Sie sei in Masar-e Scharif im Norden des Landes für die deutsche Organisation tätig gewesen, berichtete die ausgebildete Journalistin. Bereits ein Jahr vor der Machtübernahme der Taliban, als die Bundeswehr angefangen hatte den Abzug aus dem Land vorzubereiten, hätten auch in ihrem Büro Gespräche stattgefunden. Bei einem Treffen der Büros der KfW in Kabul und Masar mit der Zentrale in Frankfurt am Main hätten die örtlichen Büros eine Evakuierung ins Gespräch gebracht. Dieser Vorschlag sei jedoch von der Zentrale abgelehnt worden, mit dem Argument, in Afghanistan laufe alles normal.
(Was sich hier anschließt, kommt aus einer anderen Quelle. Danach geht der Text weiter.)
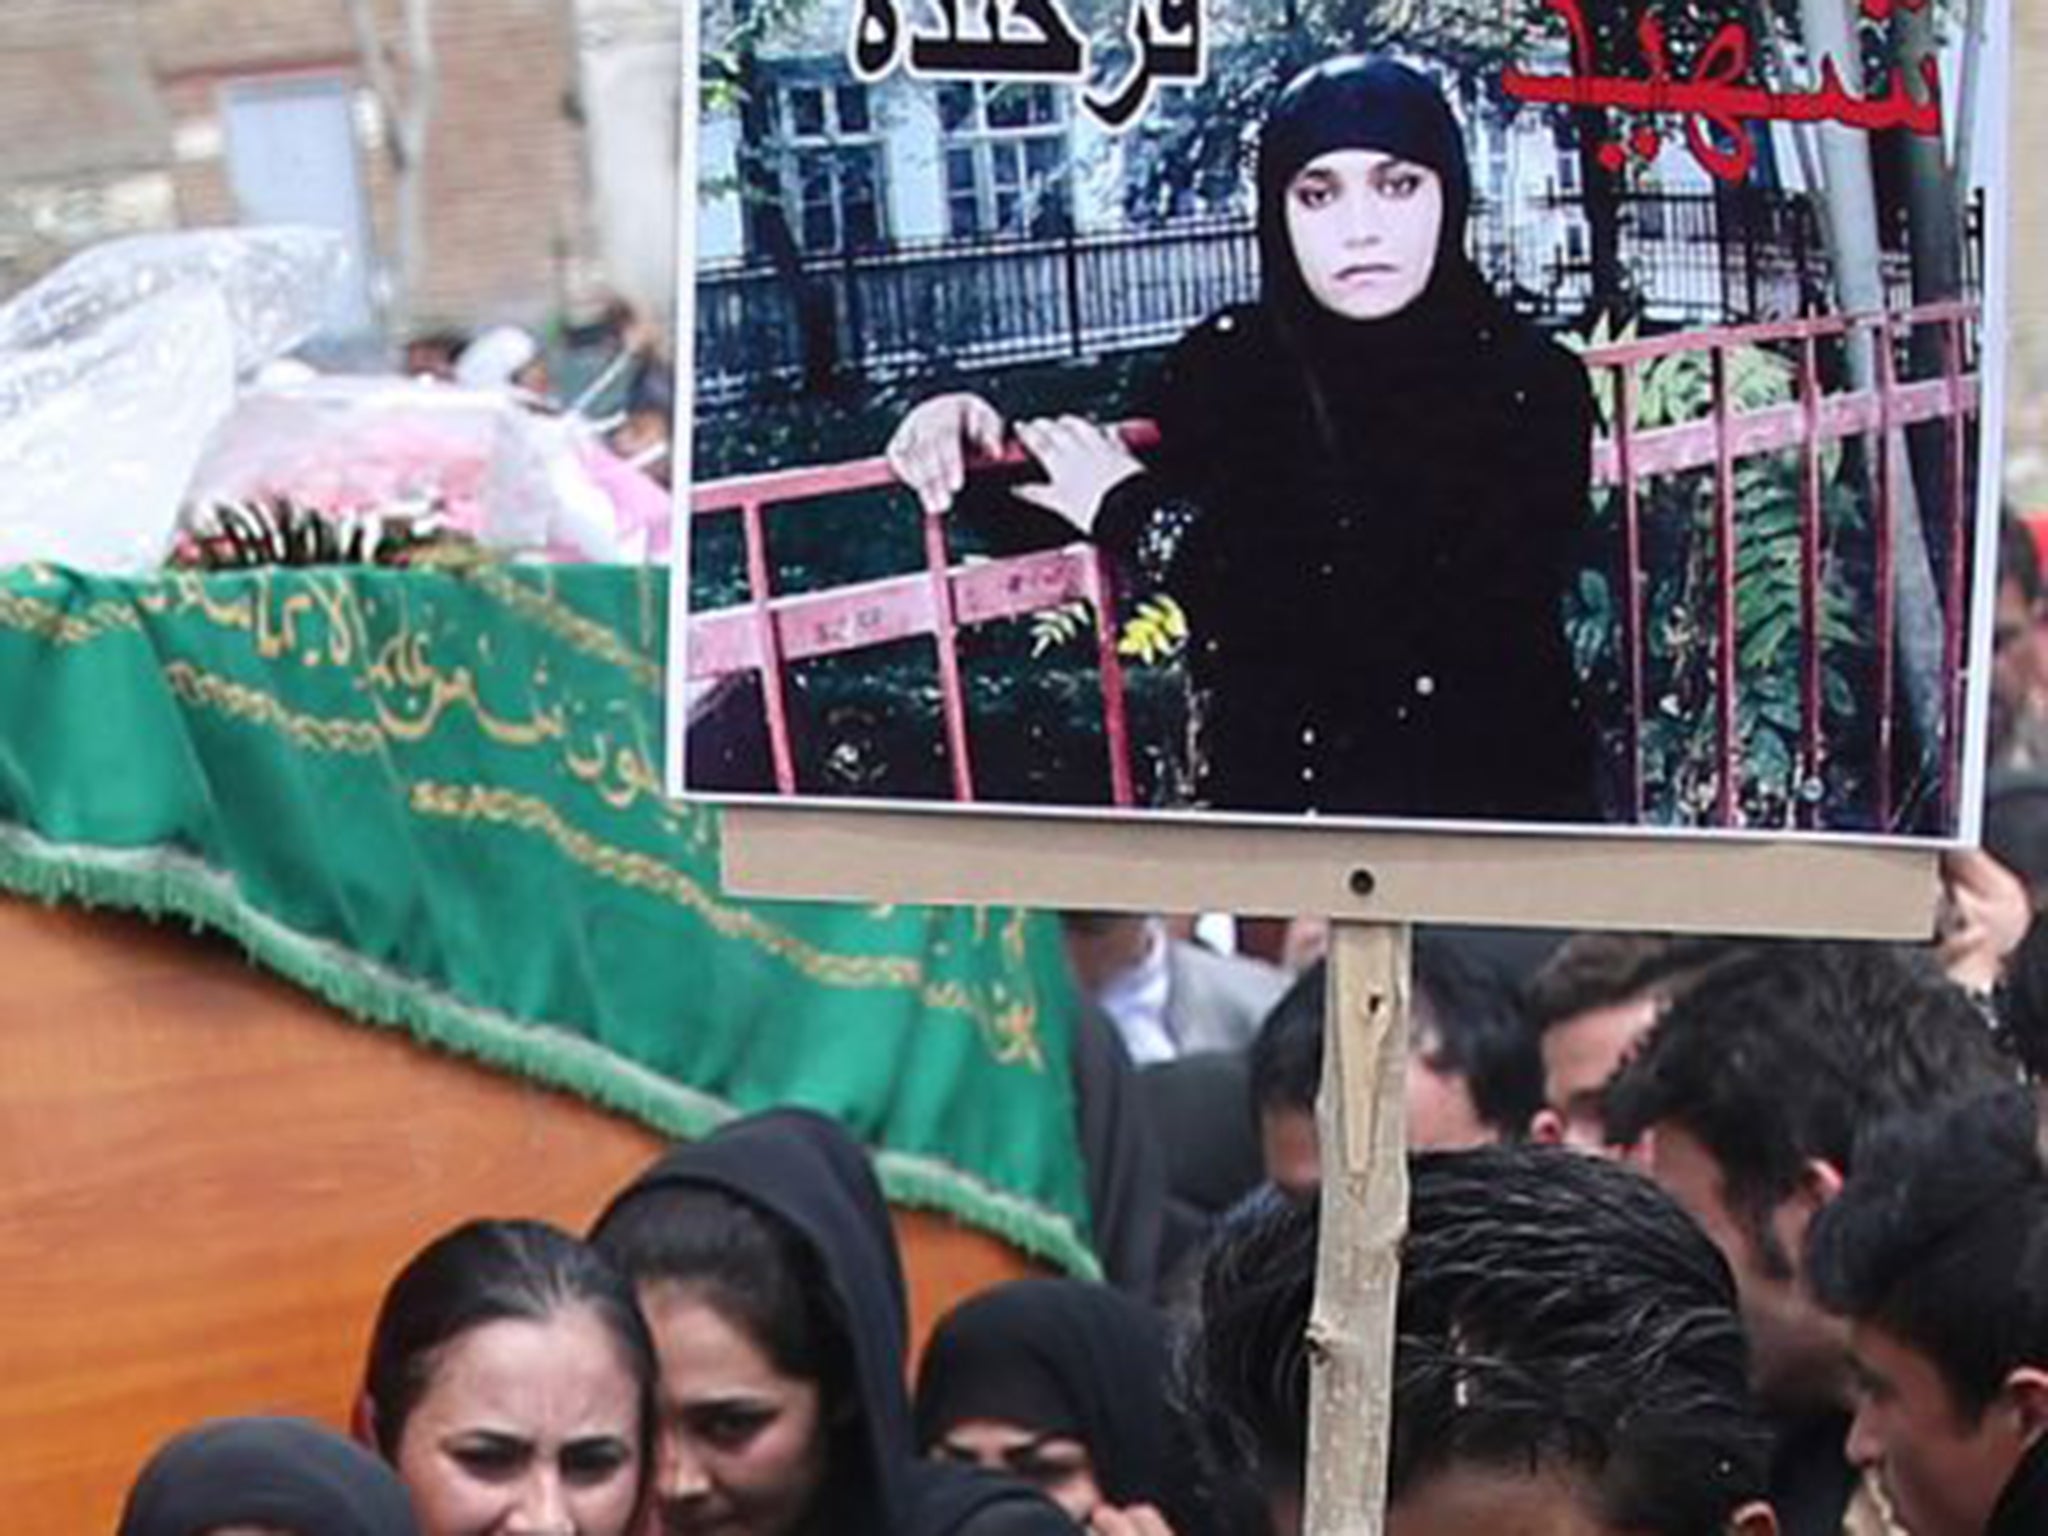 Farkhunda Malikzada was killed after being falsely accused of burning a Koran

Erst im Juni 2021, als sich die Sicherheitslage um Masar herum verschlechtert habe, habe die Organisation reagiert, berichtete die Zeugin. Sie sei nach Kabul geschickt worden und habe dort weitergearbeitet. Die Reise in die Hauptstadt sei schwierig gewesen, weil viele Menschen sich auf den Weg dorthin gemacht hätten. Schließlich sei die Entscheidung gefallen, die Mitarbeiter nach Usbekistan auszufliegen. Dort hätten sie einen Antrag auf das Ortskräfteverfahren stellen und nach der Zusage nach Deutschland weiterreisen sollen. Doch dazu sei es nicht mehr gekommen, so die Zeugin. Die Taliban marschierten in Kabul ein.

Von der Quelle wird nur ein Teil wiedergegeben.